Si la critique en general a largement étudié les sources classiques des auteurs de la Renaissance, l’analyse des sources scripturaires et patristiques, tout aussi nombreuses, s’avère indispensable pour comprendre la réorientation des notions, et la hiérarchie interne des sources dans une même oeuvre. Selon les siècles, les sources spirituelles (au sens large) peuvent varier, se diversifier, mais leur présence continue dans l’histoire éclaire le mouvement même de la creation. Philippe Hadot a montré que les sagesses de l’Antiquité avaient aussi une dimension spirituelle, sinon mystique, que la critique aurait tort d’oublier.
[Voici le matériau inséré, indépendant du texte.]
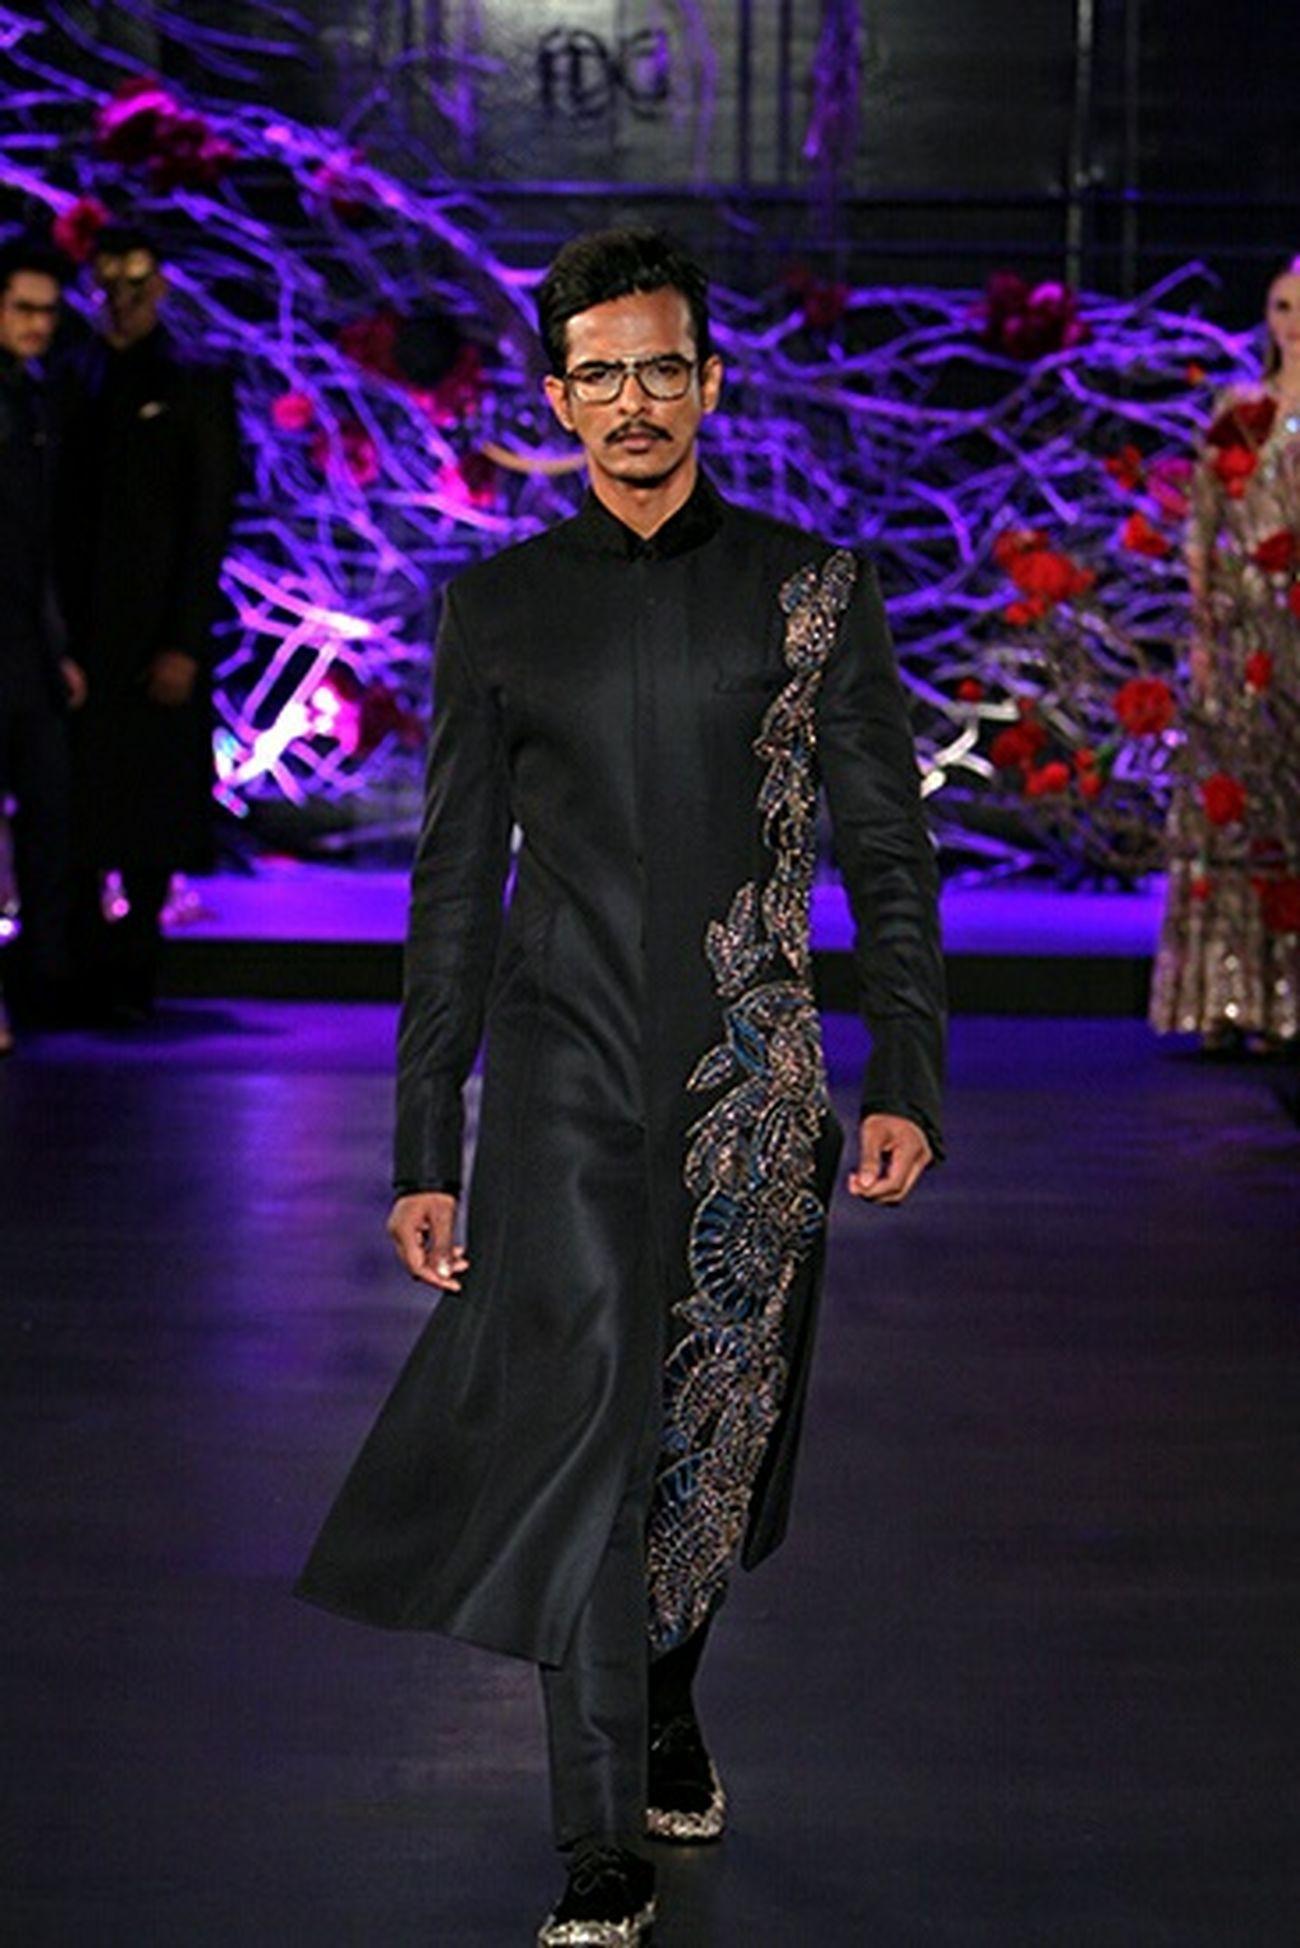 Designer - Manish Malhotra 'The Empress Story' Amazonindiacoutureweek AICW2015 Manish Malhotra Designer  Sunnykamble Fashion Mensfashion Model

Il importe donc de pouvoir analyser ces résonances et comprendre quel est leur sens nouveau selon les contextes.
 

II Conservatoire de poésie moderne et contemporaine

- “Creuser les filiations, l’exemple privilégié de l’influence de Pierre Jean Jouve sur la poésie contemporaine”

- “Faire entendre la voix de la poésie vivante”
 

III La poésie n’est pas seule

- “Souligner l’intéraction entre la poésie et les autres arts”

- “Valoriser la dimension internationale”
 

Conclusion

 À travers ce projet, nous voulons montrer, par la mise en place d’actions précises et de publications personnelles comme collectives, que la poésie est vivante et qu’elle renvoie à l’idée de mémoire et de communauté, la langue étant d’abord élément de communauté. De la mémoire intertextuelle, de la traversée des autres arts, des autres disciplines et des autres siècles jusqu’au présent de notre poésie contemporaine, notre activité et notre projet de recherche se recentrent autour de cette décision de faire entendre et connaître, comme un art vivant, la voix de la poésie classique et contemporaine et de mettre en lumière sa dimension esthétique, philosophique et éthique. Nous voulons lier mémoire, passé et temps présent, interrogation sur les concepts mis en jeu par la poésie et circulation des textes les uns à travers les autres, bilinguisme, problématique de la traduction et communauté internationale. La poésie est pour nous un défi, un enjeu primordial. C’est un projet déjà engagé par les multiples collectifs que nous avons menés à bien et que nous poursuivons en intéraction permanente avec l’axe sur les arts vivants et les différents axes portant sur l’idée de comparatisme, de communauté et de traversée du genre poétique transéculaire.